Noticing Feelings in Conflict

Noticing Feelings in Conflict

So many feelings! So little time! Last week we spent a lot of time decoding characters’ feelings, through dramatic interpretation, visual aids, and empathy practice. Eisav returns from his hunt only to find out that Yaakov had just received the blessing meant for him. He is incredibly distressed, and vows to kill his brother Yaakov. At first, the Garinim (preK and K kiddos) and Shorashim (1st and 2nd graders) had trouble relating: 

  • It’s only a blessing.
  • I only cry when it’s a big problem.
  • Killing someone would make it worse.
  • Why does he want to kill him?!
  • This isn’t a good enough reason to react like that.

As dramatically as we could, the Shorashim reenacted this scene. As we acted out Eisav’s reactions, we began to sympathize with him more:

  • I would be mad to have that (the blessing) stolen from me.
  • He probably is sad too because he also lost the birthright.
  • His new blessing sounds more like a curse.

We speculated about how Eisav’s feelings motivated some of his actions and choices. Why do you think he decides to wait until after Yitzchak has died before trying to kill Yaakov? Why doesn’t he do it immediately?

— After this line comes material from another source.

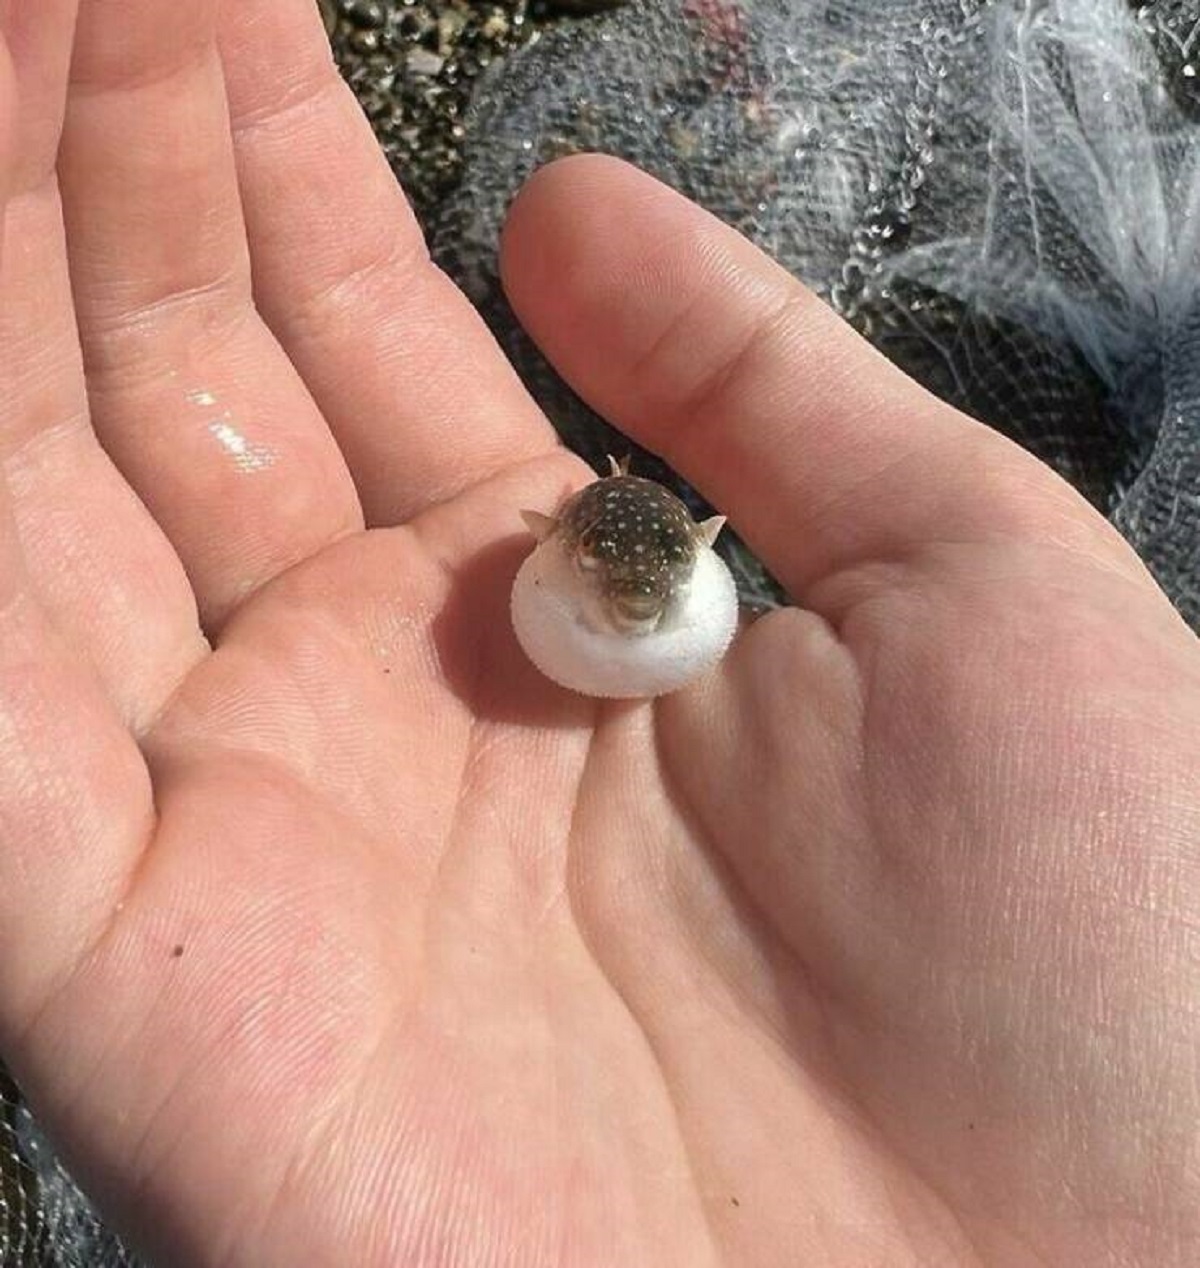 "The Size Of Baby Pufferfishes"

  • So Yitzchak won’t be able to tell him not to do it.
  • So that Rivkah will be in the middle of big feelings about Yitzchak dying and won’t be able to be as mad at him about killing Yaakov.
  • Because he knows he’s in the middle of really big feelings and wants to give himself an out to calm down before actually doing anything with them.

Eisav wasn’t the only one experiencing big feelings during this scene. Garinim also imagined what Yitzchak is feeling when Eisav comes in for his blessing:

  • Confused – like the interaction he had with Yaakov is blurring together with this one.
  • Embarrassed because he gave the blessing to the wrong person.
  • Angry that he was tricked.
  • I think he feels sorry for Eisav.
  • He probably wants to give another blessing, but doesn’t know whether he can because he already gave good stuff to Yaakov. Like God can’t help two people the same.

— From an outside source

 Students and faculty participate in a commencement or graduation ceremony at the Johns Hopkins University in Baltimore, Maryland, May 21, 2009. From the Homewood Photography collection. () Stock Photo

Under Rivkah’s instruction (per usual), Yaakov ends up running away to avoid Eisav’s murderous rage. Then we read that decades later they are slated to reunite. Each kid in Shorashim received an “emoji pack” consisting of 24 emoji faces with a variety of emotions. We paused every couple of lines while reading the text for an “emoji check” so that we could delve deeper into what the characters might be going through. It was interesting seeing kids pick such a wide array of emotions. When we learned that Eisav had 400 men with him, kids held up emojis that represent fear, concern, sadness, and even laughter. 

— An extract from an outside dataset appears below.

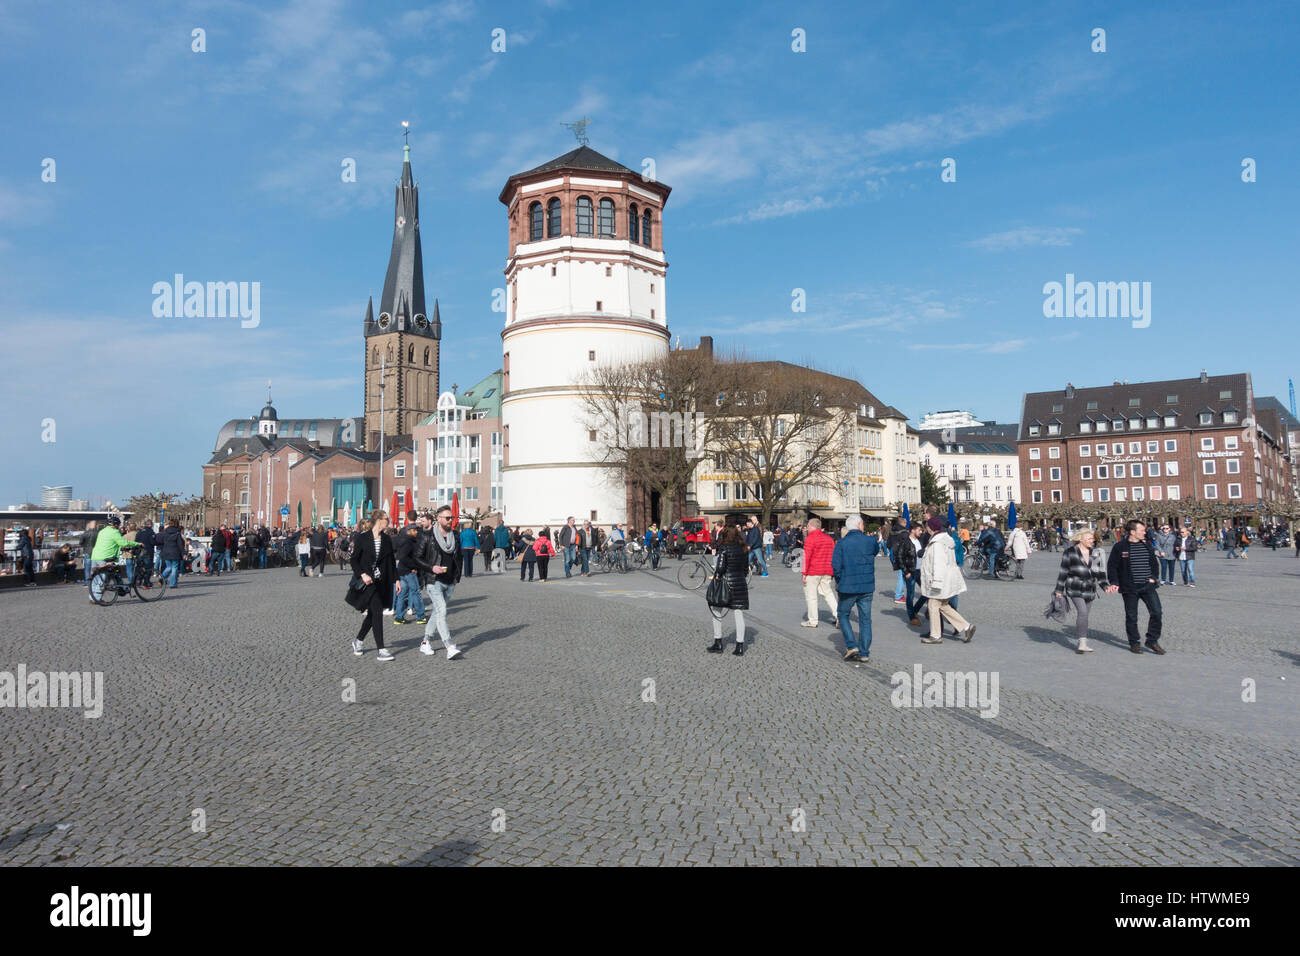 DUESSELDORF, GERMANY - MARCH 12, 2017: Unidentified pedestrants crossing a plaza at the river Rhine Stock Photo

The Garinim unpacked the upcoming reunion more from Yaakov’s perspective. Yaakov is scared – he divides his people up into two camps in the hopes of saving one in case Eisav attacks the other. And then he prays and pleas extensively with God to protect him. We noticed how this prayer shows Yaakov’s fear and worry for his future. We imagined that he used his prayer not just as a way to ask for help from God, but also as a form of meditation to bring himself out of his worry and back to his present moment of safety.

While the younger kiddos dug into the emotional experiences of all the characters at this point in the story, the Nitzanim (3rd and 4th grade) began preparing for our showcase in earnest. This unit has been all about conflict and resolution, and we decided to make our very own guide for resolving conflicts that we see in our lives. These are the steps the Nitzanim came up with: 

  • Spend time with the other person and see what you have in common.
  • Do things together that you both like.
  • Ask for outside help from an adult or a friend.
  • Take some space and spend some time without them.
  • Ignore them, just don’t engage.
  • Try to get to a place where you’re calm so you can look at the situation without being very hot or very cold.
  • Apologize to other person if you did something wrong.
  • Avoid topics that you disagree on. Talk about something that you both really like or you both really don’t like so you can bond over a common interest.
  • Explain your feelings to the other person so they know how you feel.
  • Work through the problem with the other person. What started it, why does the issue keep growing, and what can we do to fix it? 

All of our practice identifying, empathizing with, and working through our feelings is sure to help us move through our own conflicts to peaceful resolution.